Abstract

Brassica juncea is an important oil seed crop. The productivity of this plant, however, is known to be low due to the attack of plant pathogens. The plant chitinase-IV is known to hydrolyse the chitin present in the cell walls of the plant pathogens and thus enhance the plant defense systems. In this connection, studies were carried out by us on the prediction and characterization of the 3D structure of chitinase-IV, the structural changes that take place when the protein is in complex with Allosamidin and the chitin fragments (Tri-oligosaccharide and N-acetyl glucosamine) that act as elicitors to induce plant innate immunity against the invading pathogens, and molecular dynamic simulation studies on the stability of these complexes. These studies are expected to give us an insight into the chitin-binding domain and information on the dynamics and energetics of the protein, which is not possible to obtain by experimental methods. The predicted 3D structure of the protein should give us a better understanding of the molecular function of the chitinase gene in Brassica juncea for devising better methods of biocontrol against fungal phytopathogens and harmful insects so as to increase the crop yield.

摘要

芥菜是重要的油料种子作物。
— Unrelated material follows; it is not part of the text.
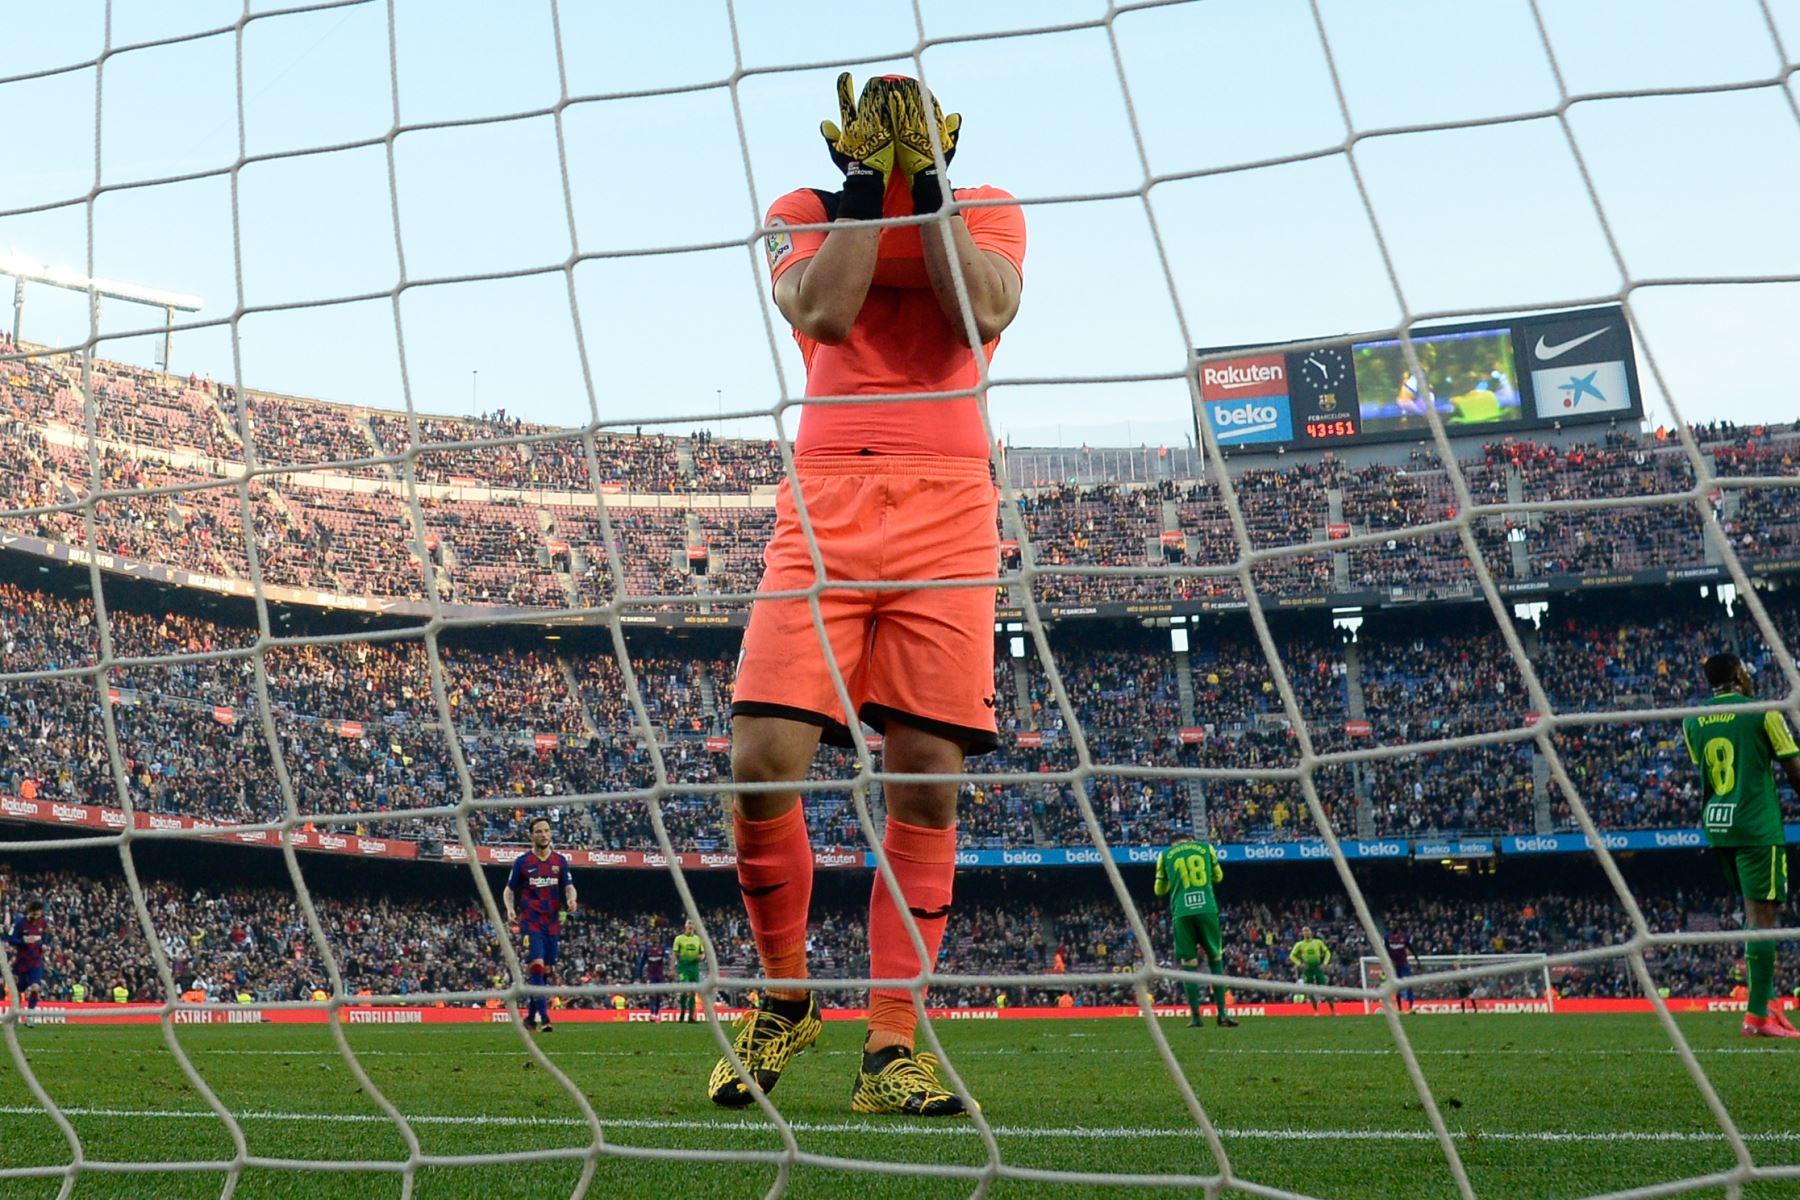 El portero serbio de Eibar, Marko Dmitrovic, reacciona después de que el delantero argentino de Barcelona Lionel Messi anotó durante el partido de fútbol de la liga española FC Barcelona contra SD Eibar. Foto: AFP
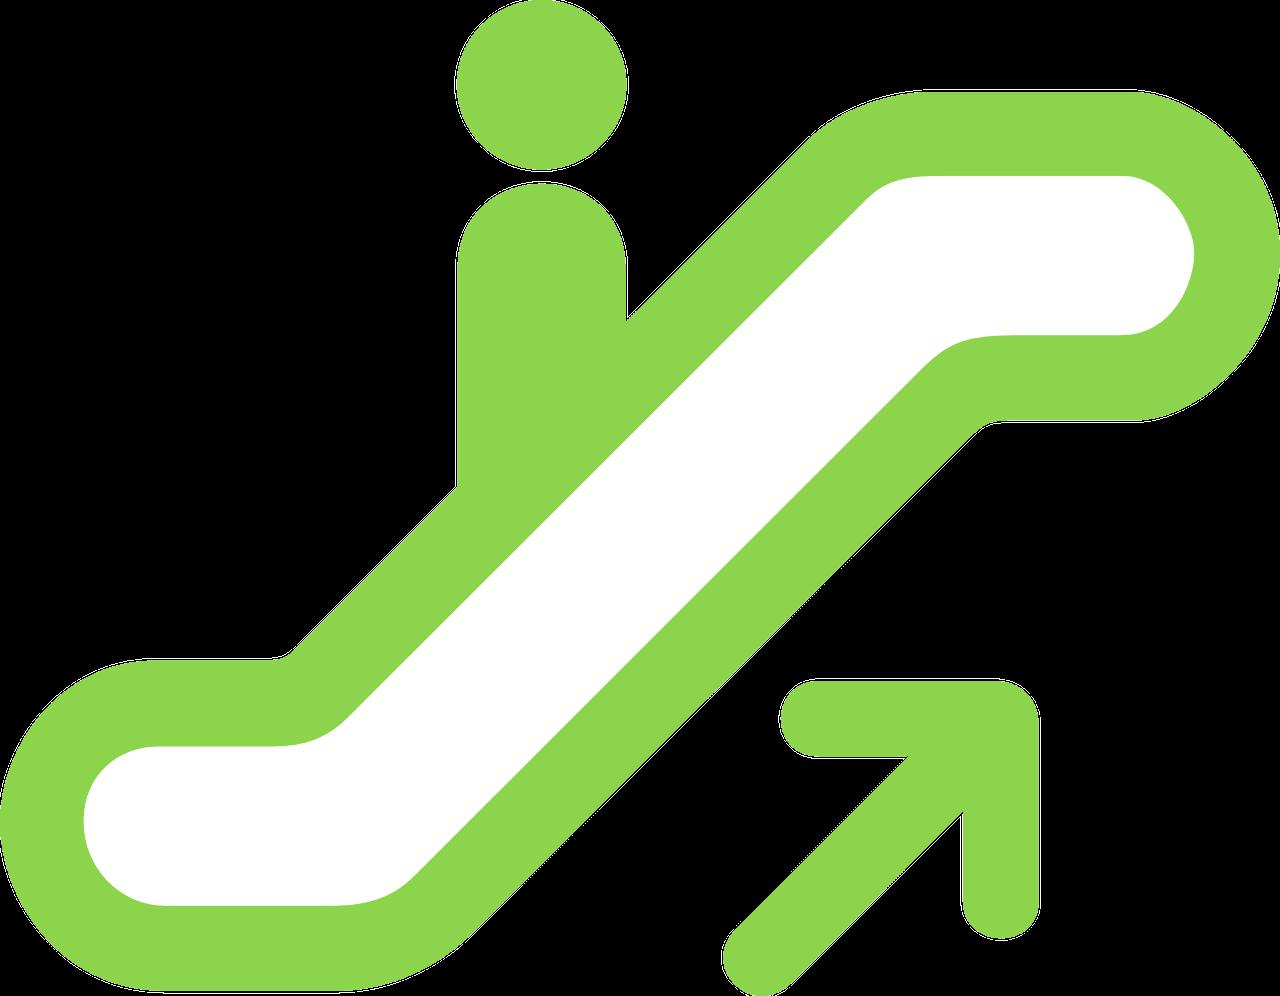 Escalier g

然而，由于植物病原体的攻击，已知这种植物的生产力很低。已知植物几丁质酶-IV可水解存在于植物病原体细胞壁中的几丁质，从而增强植物防御系统。在这方面，我们对几丁质酶-IV的3D结构的预测和表征进行了研究，当蛋白质与异多糖胺和几丁质片段（三寡糖和N-乙酰基）复合时发生的结构变化氨基葡萄糖）作为诱导剂诱导植物对入侵病原体的先天免疫，并对这些复合物的稳定性进行分子动力学模拟研究。这些研究有望让我们深入了解几丁质结合域以及蛋白质的动力学和能量学信息，这是通过实验方法无法获得的。预测的蛋白质 3D 结构应该让我们更好地了解几丁质酶基因的分子功能芥菜用于设计更好的生物防治真菌植物病原体和有害昆虫的方法，以提高作物产量。